Again, this is very beginning of my creative life (though new) and I'd have trouble giving up this piece, word-for-word.  I have since added more, clipped more, and have a bit of a different take than I had previously.  Even stuff here is making its way to the end, but maybe more on that later.

                He knelt at the fireplace, however briefly, jittery in anticipation of the day—if not for the need to make pee before he wet himself.  He poked absently at the snuggling fire coals with their white-ash night caps, transfixed by the glowering glowing warmth as they came to life, almost angry for being woken from their ember sleep.  Struggling in the hearth, they sputtered and spit in their irritation, voicing their concern for the morning chill.  Reds and yellows played across his face as he peered into the widening gyre of the hearth’s hellish depths.  Throwing one final log into position kicked sparks up the chimney, winking towards finality as the wind sucked them outward into the early morning sky.
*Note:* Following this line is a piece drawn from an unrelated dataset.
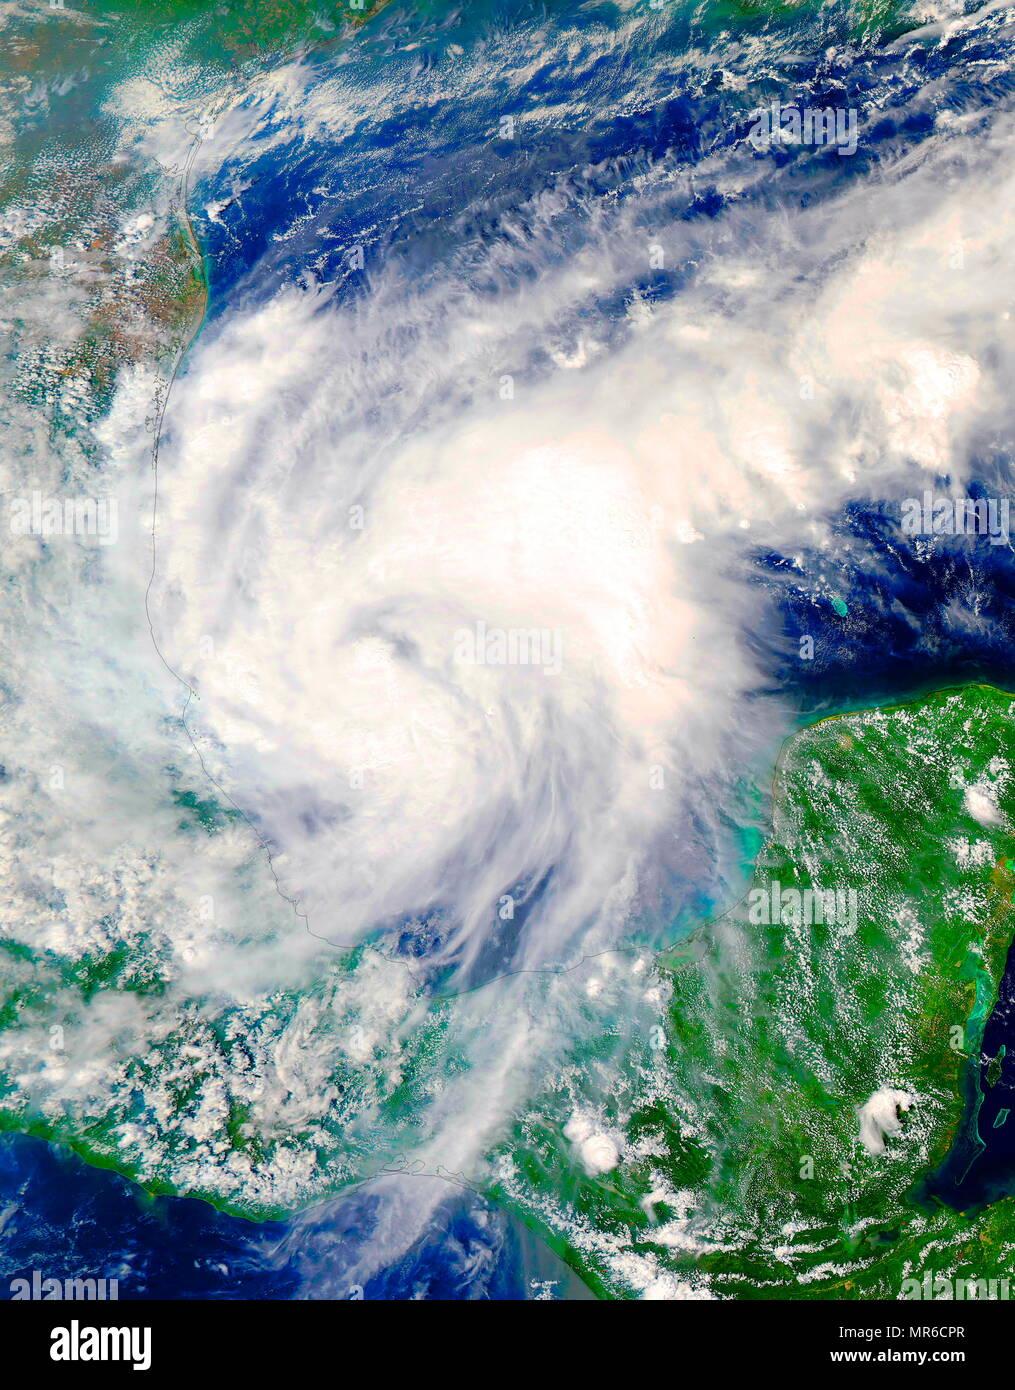 Die NASA-Satelliten Terra, erfasst ein sichtbares Licht Bild, des Hurrikans Katia, in der süd-westlichen Golf von Mexiko. September 2017 Stockbild

                He took the stewpot from its fireplace hook, making his way through basement quarters to the garden to fill the pot from the rainwater gutterbucket.  Like a ghost, he glided silently along the rows, crops tickling the tops of his feet with dew.  He’d been out here mere hours ago, trying to go, staring up between the branches next to the tree where he marked his territory.  He hadn’t done a thing, though, shaking his head as he shook the few little dribbles he’d managed to squeeze out.  Back through the yard, eyes to the stars, a near-silent night offering up a near silent prayer to God up there.  Barry waited for an answer, not really expecting to hear one.  The stars twinkled and shone, heaven’s angels silently laughing at him in the multitude of the expansive night.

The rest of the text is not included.